Ovarian Cancer: Closing Gaps and Advancing Care with RWD
Key Takeaways
- Population burden persists: ~21,000 U.S. diagnoses and >12,000 deaths projected for 2026, with Black women more often presenting Stage III/IV than White women.
- Funding and capacity constraints limit progress: only ~4% of global R&D targets women’s cancers, while 1,300–1,500 gynecologic oncologists leave rural patients reliant on non-specialists.
Amidst this backdrop of challenges, one area of promise for closing gaps and advancing ovarian cancer care is the growing availability of high-quality, research-ready, real-world data.
Gynecological cancers impact all of us. According to the American Cancer Society, approximately 21,000 women will be diagnosed1 with ovarian cancer in the U.S. in 2026. While the rate of death has decreased 45% since 1976, more than 12,000 women in the country will die from ovarian cancer this year.
The high death rate is in large part due to a lack of effective screening techniques, often leading to advanced-stage diagnoses. This issue is compounded by substantial care gaps, notably a racial disparity where Black women are disproportionately diagnosed at later stages (Stage III or IV) compared to White women (77% vs. 70%). Additionally, ovarian cancer has a high recurrence rate and treatment resistance.
Despite the significant disease burden and devastating impacts that gynecological and breast cancers have on patients and their loved ones, only four percent2 of global R&D funding focuses on women’s cancers.
Meanwhile, a critical workforce shortage of gynecologic oncologists—estimated at only 1300 to 1500 practicing in the U.S.—is worsening, especially in rural areas.
This shortage is exacerbated by an overall trending decline in obstetrics-gynecology residency applications, shifting the burden of early detection onto primary care providers and complex surgical treatment onto general oncologists who may not be specialty-trained.
The Good News
Amidst this backdrop of challenges, one area of promise for closing gaps and advancing ovarian cancer care is the growing availability of high-quality, research-ready, real-world data (RWD).
RWD is a crucial tool for researchers and clinicians for delivering more precise care in alignment with patients’ individual characteristics. Unlike data from traditional clinical trials, which have a tendency to enroll younger, healthier, and less diverse patient cohorts, RWD is captured from electronic health records (EHRs), registries, and claims data across the country, and more accurately reflects the journey of patients in the diverse population.
Aided by sophisticated artificial intelligence (AI) tools, teams of professionals with disease-specific expertise are able to curate unstructured RWD including the clinician notes in EHRs and rapidly generate databases drawn from the real-world experiences and care patterns of ovarian cancer patients from academic and community cancer centers throughout the U.S.
The most advanced of these databases deliver high completeness across critical clinical variables that drive research and treatment decision-making, including molecular testing, treatment sequencing, disease state, and outcomes across diverse populations. They include key data elements, such as platinum resistance classification (defined as cancer that recurs within 6 months of completing platinum-based chemotherapy, e.g., cisplatin or carboplatin) and are curated and structured to support regulatory and development use.

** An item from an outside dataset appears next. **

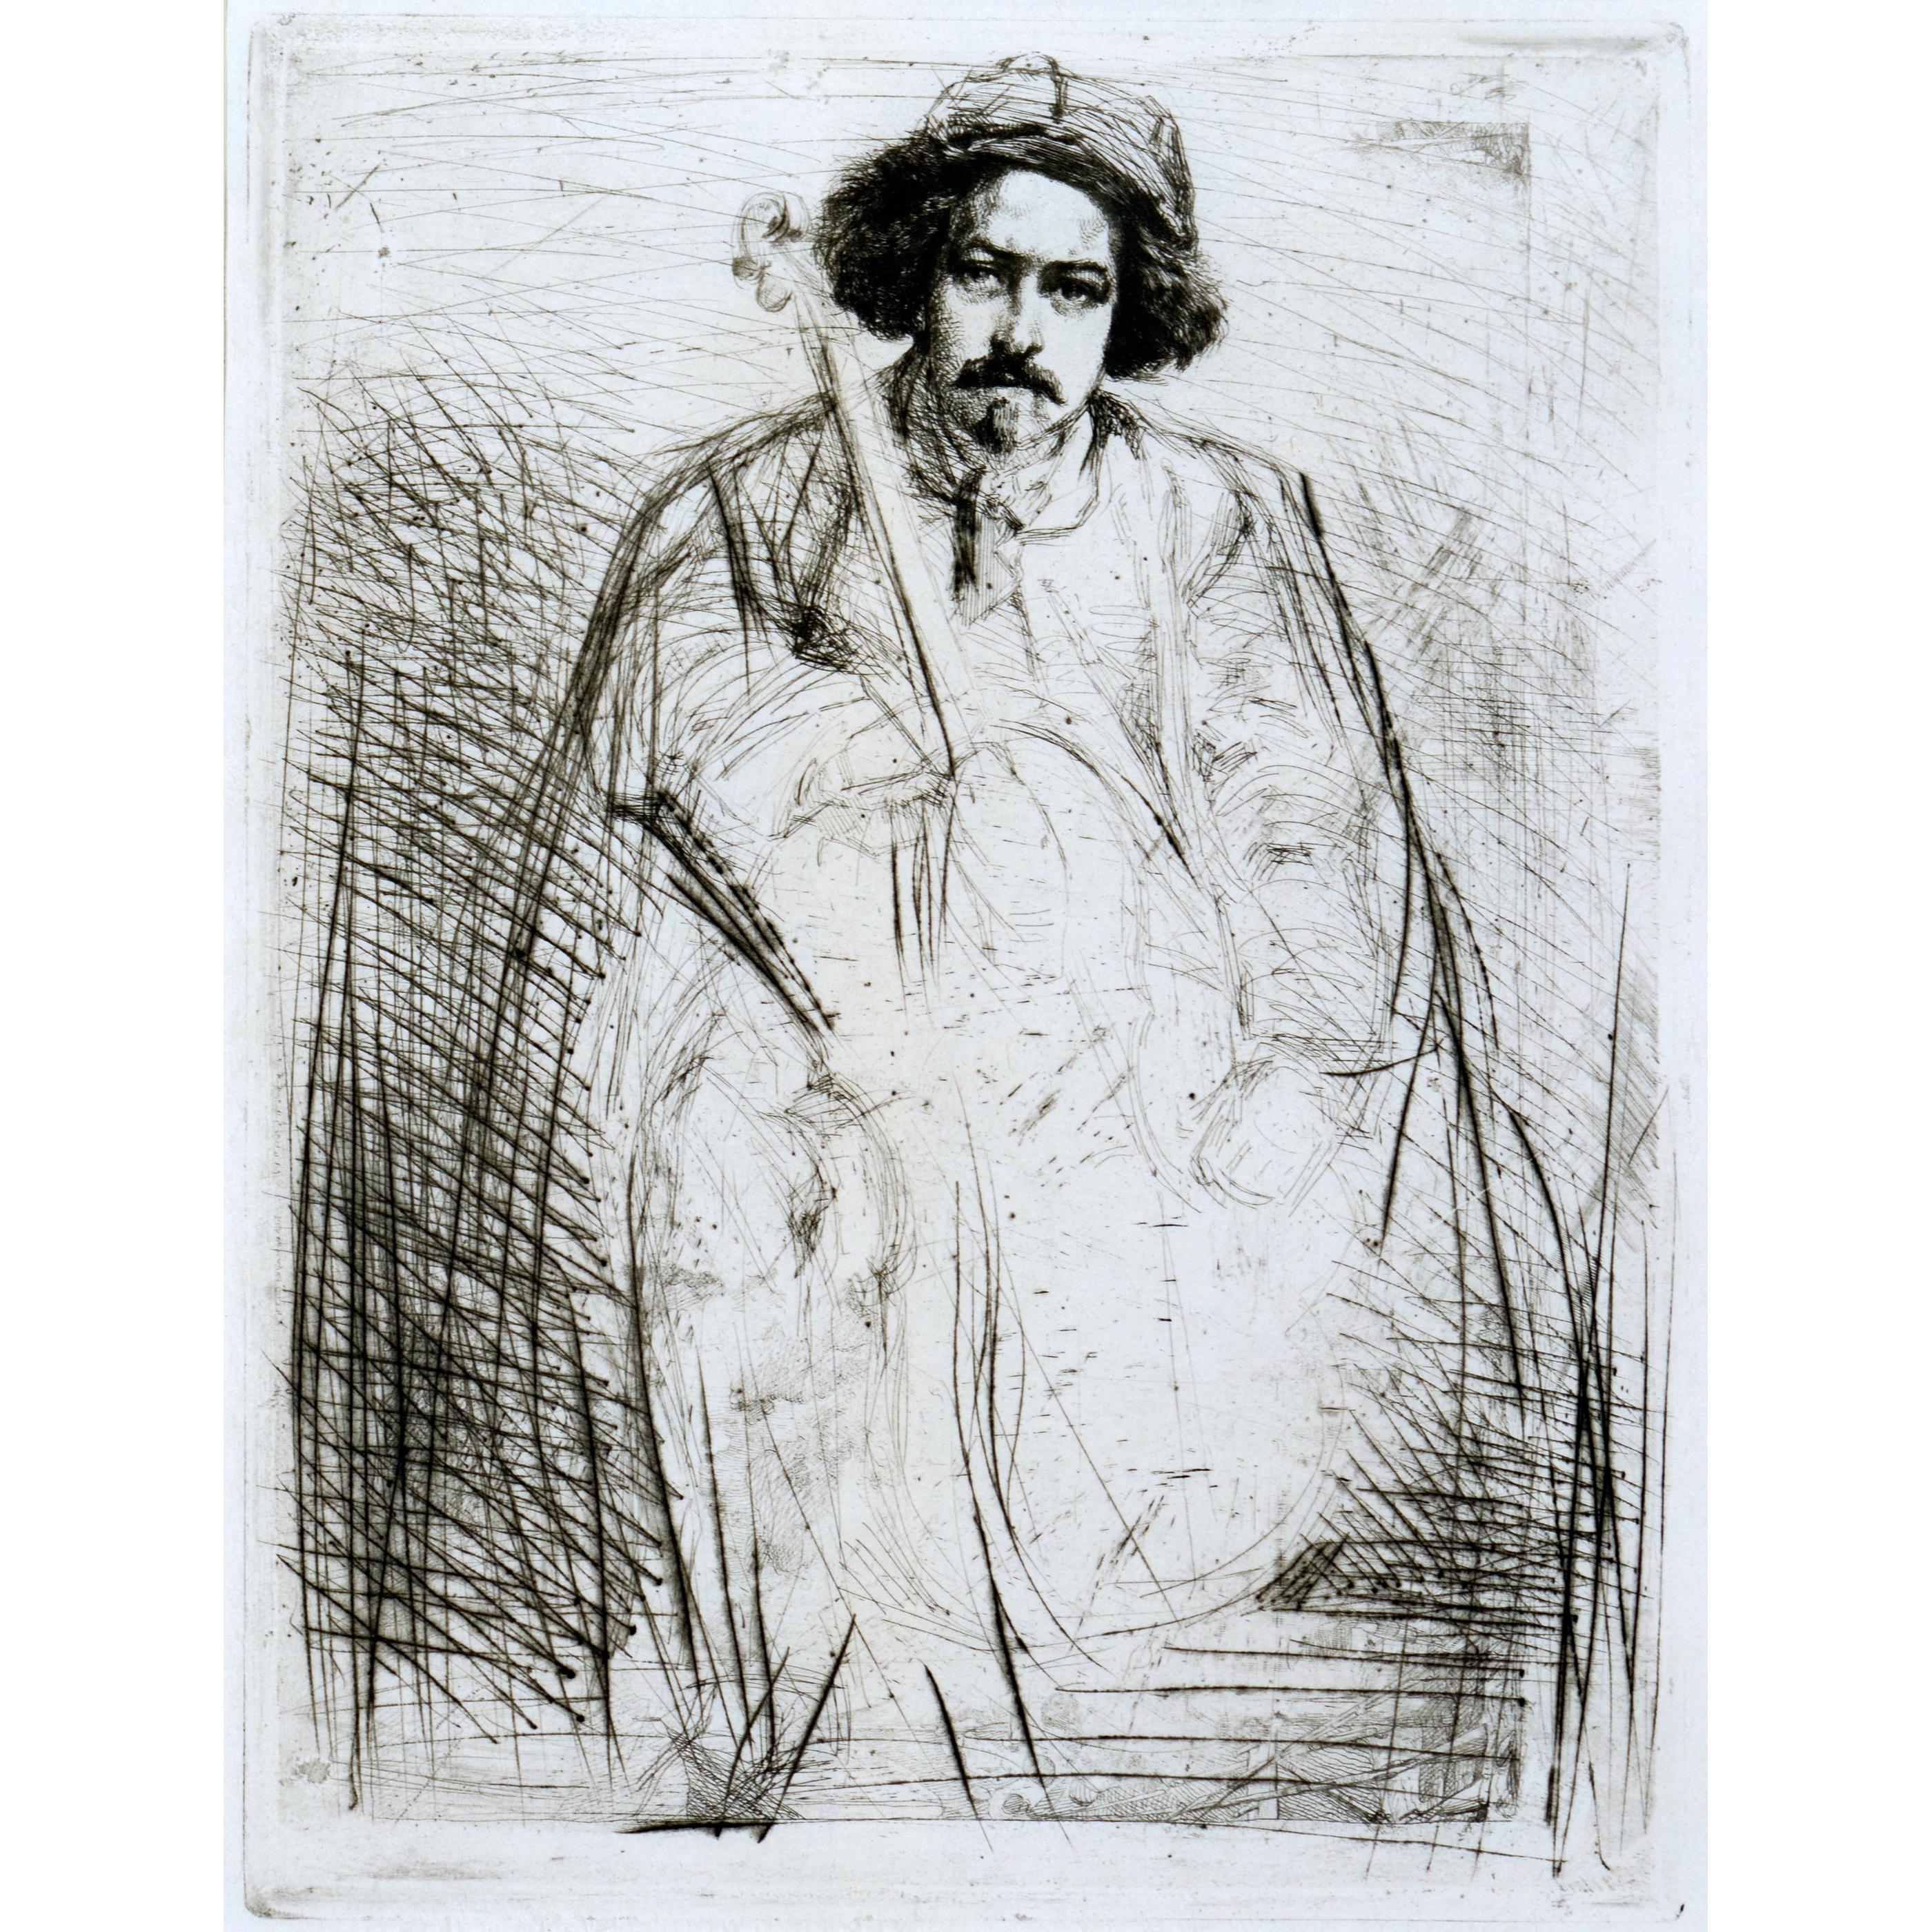 The Fiddler (Becquet), by James Whistler, 1859.

In this way, RWD is now offering comprehensive longitudinal insights into disease detection, treatment, and patient outcomes, allowing researchers to gain a richer understanding of ovarian cancer in wider populations, see where gaps in care exist, better understand what treatments are working, and improve studies seeking new treatments.
Addressing Care Gaps
In the case of ovarian cancer, RWD can help identify disparities in care, treatment, and outcomes, and enable researchers to better understand why they exist, by examining differences in treatment settings and proximity to care facilities for different racial groups.

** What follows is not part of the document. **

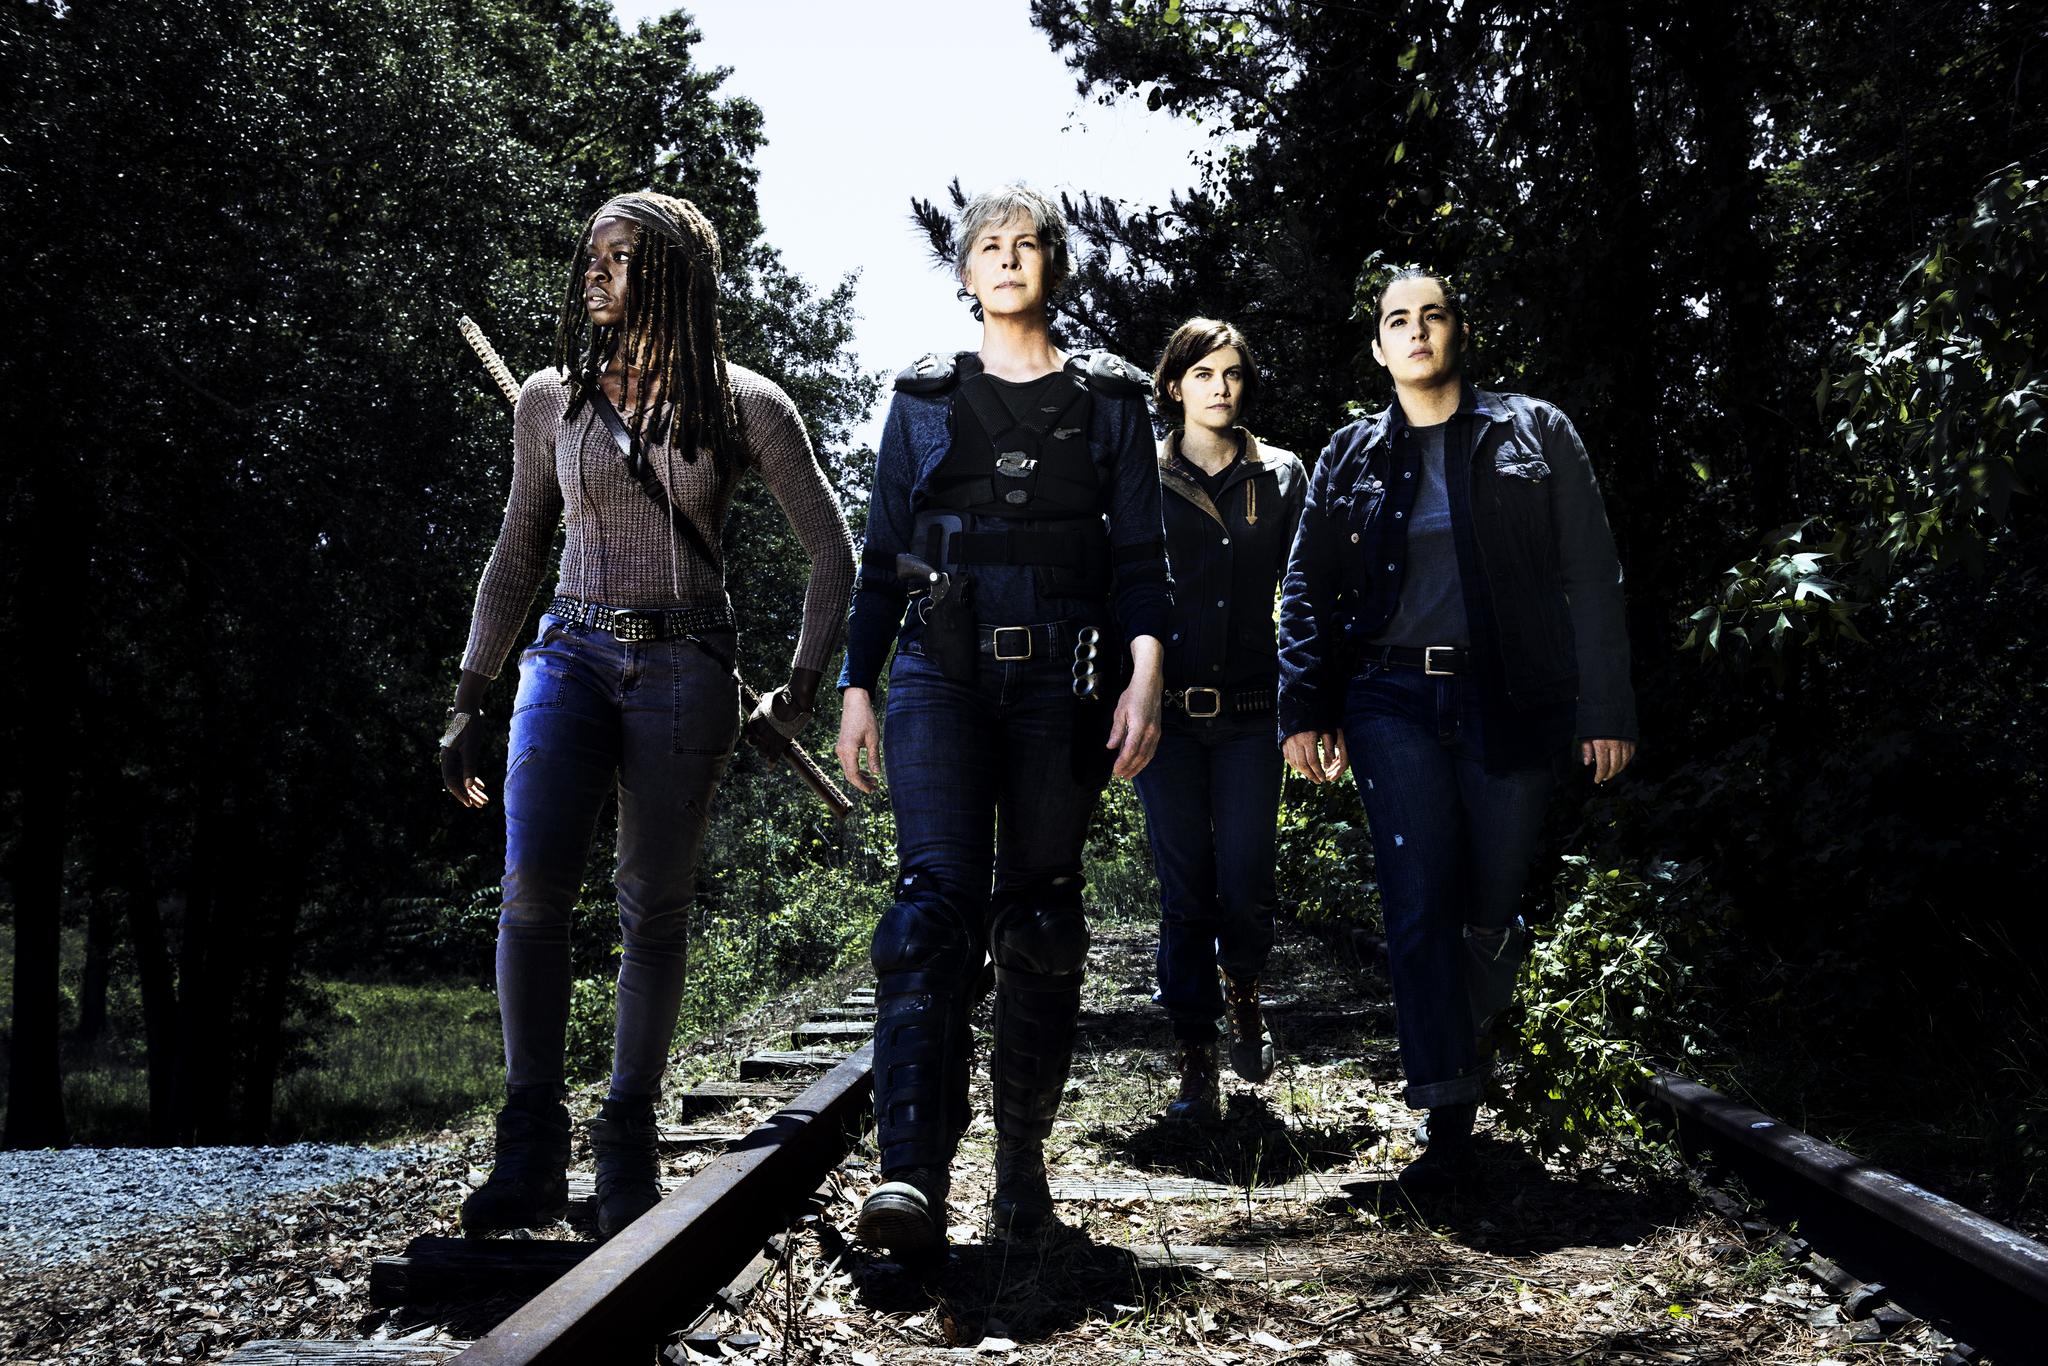 Melissa McBride, Alanna Masterson, Lauren Cohan, and Danai Gurira in The Walking Dead (2010)

To inform clinical decisions, oncologists can review RWD trends and outcomes for patients similar to their own to inform treatment strategies.

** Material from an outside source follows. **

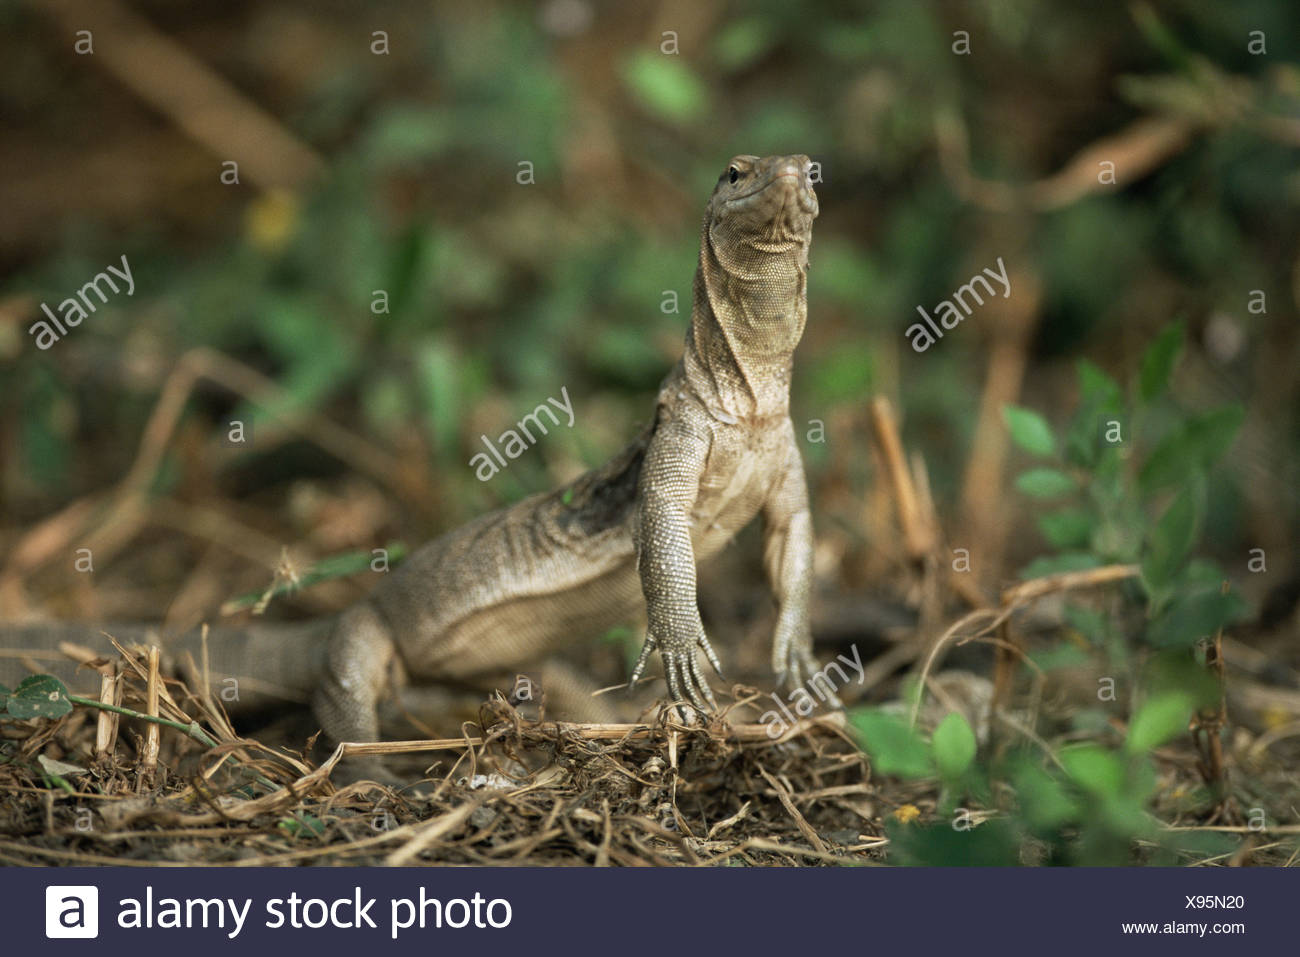 Bengal monitor lizard Varanus benghalensis Keoladeo Ghana NP Bharatpur India - Stock Image

Importantly, the development of extensive data partnerships is also making it easier for clinicians and researchers to link ovarian cancer EHR data with other sources including complete genomics data, enabling more precise care and opening the door to improved outcomes.
Designing Better Studies
For clinical studies, life science teams can use RWD to design smarter, more efficient clinical trials, ensuring findings are applicable to broad populations. This includes accelerating R&D and replacing traditional placebo arms with external control arms when appropriate.
RWD is also helping to successfully support equitable enrollment in trials. A combination of RWD and AI-driven tools can help researchers identify and enroll patients of diverse backgrounds who are currently underrepresented in clinical studies, improving the external validity and generalizability of new studies.
Measured Progress
Significant gaps in care continue to exist in ovarian cancer, and addressing the underlying lack of access to care and shortage of gynecologic oncologists remain as important problems to address.
Against this backdrop, sophisticated real-world databases are providing a more accurate view of ovarian cancer journeys. Real world ovarian cancer data is letting researchers ask better questions, design smarter trials, and act on data that reflects real life, not just ideal scenarios.
It’s a critical step to helping providers, payers, and researchers to begin to address inequities and close the gaps that affect too many women today.